The Lapse of Time is an oratorio based on strikingly poetic excerpts from Darwin’s revolutionary book On the Origin of Species.  It is written by the Norwegian composer Bjørn Morten Christophersen and the work is a tribute to the evolution of life on earth and draws musical links between natural science, religion and art.

Indeed it may be thought surprising to find a vein of poetry running through a dissertation of natural science, but that is in fact the case with Darwin’s iconic book, which at the same time is one of the most ground-breaking scientific works ever written. Christophersen has set music to excerpts from The Origin of Species after carefully adapting them into singable phrases – nothing has been added, we hear only Darwin’s own words in this oratorio.

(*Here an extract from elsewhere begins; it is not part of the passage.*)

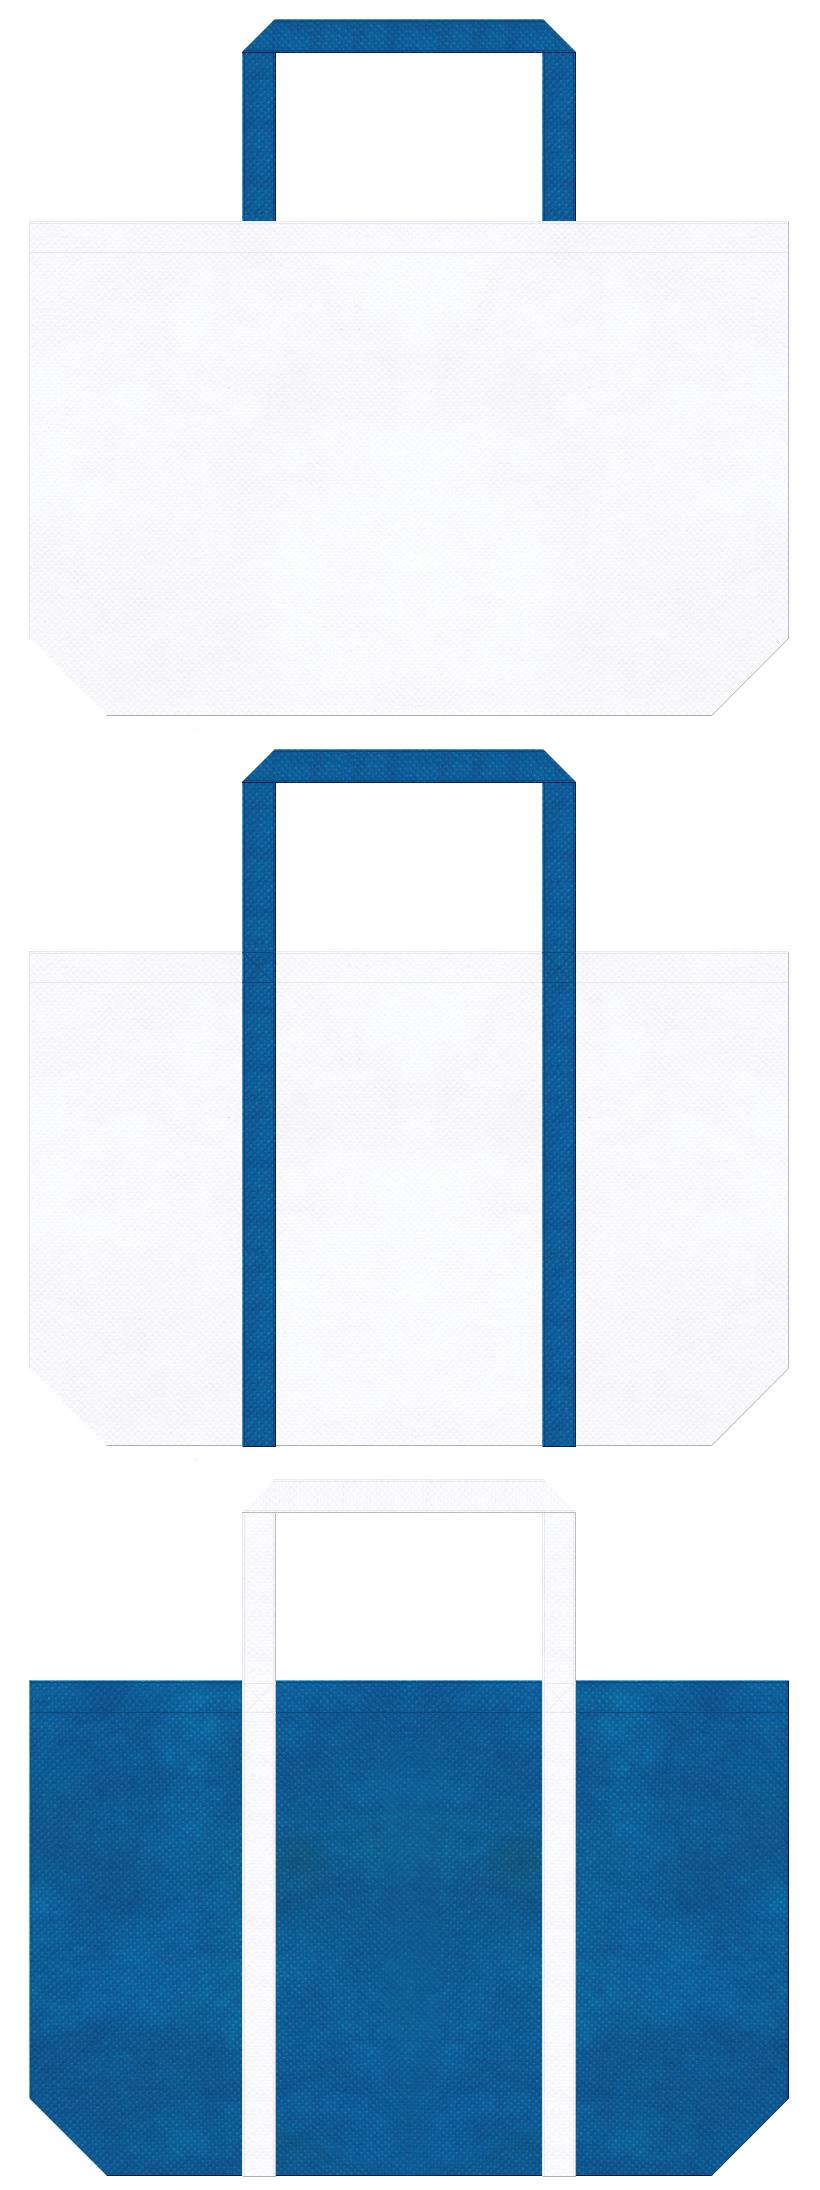 白色と青色の不織布バッグデザイン:ビーチパラソル風の配色で、マリンファッション・ビーチグッズのショッピングバッグにお奨めです。

The Lapse of Time is a large-scale musical drama in which two soloists, choir and orchestra move through slow-building waves from the barely audible to magnificent climaxes. The work is full of life: listeners feel the textures within the orchestra while the singers chant an astonishingly poetic text. Profound, playful, dramatic and humorous passages are woven together into a large organic musical whole. The Lapse of Time also has a sacred flavour to it by involving both the church organ and elements of plainchant. Through this work, Christophersen hopes to create a basis for shared wonder and excitement between natural science, religion and art.

Life on earth has developed across a huge span of time to emerge as overwhelmingly rich and complex as we experience it today. This idea was a completely new realisation in Darwin’s time and indeed it met with strong opposition, especially from the church and can still spark controversy in some circles even today. If we cannot easily grasp the concept of billions of years, how can we understand that even minor changes from one generation to the next can result in immense diversity? Perhaps music can offer a forum, as it is the very form of art most suitable for experiencing time in various ways. In this work, for example, the orchestra and choir initiate a dialogue with their own past, i.e. with those parts of the work that we have already heard. Music from our memory emerges into our present and affects the future of our now.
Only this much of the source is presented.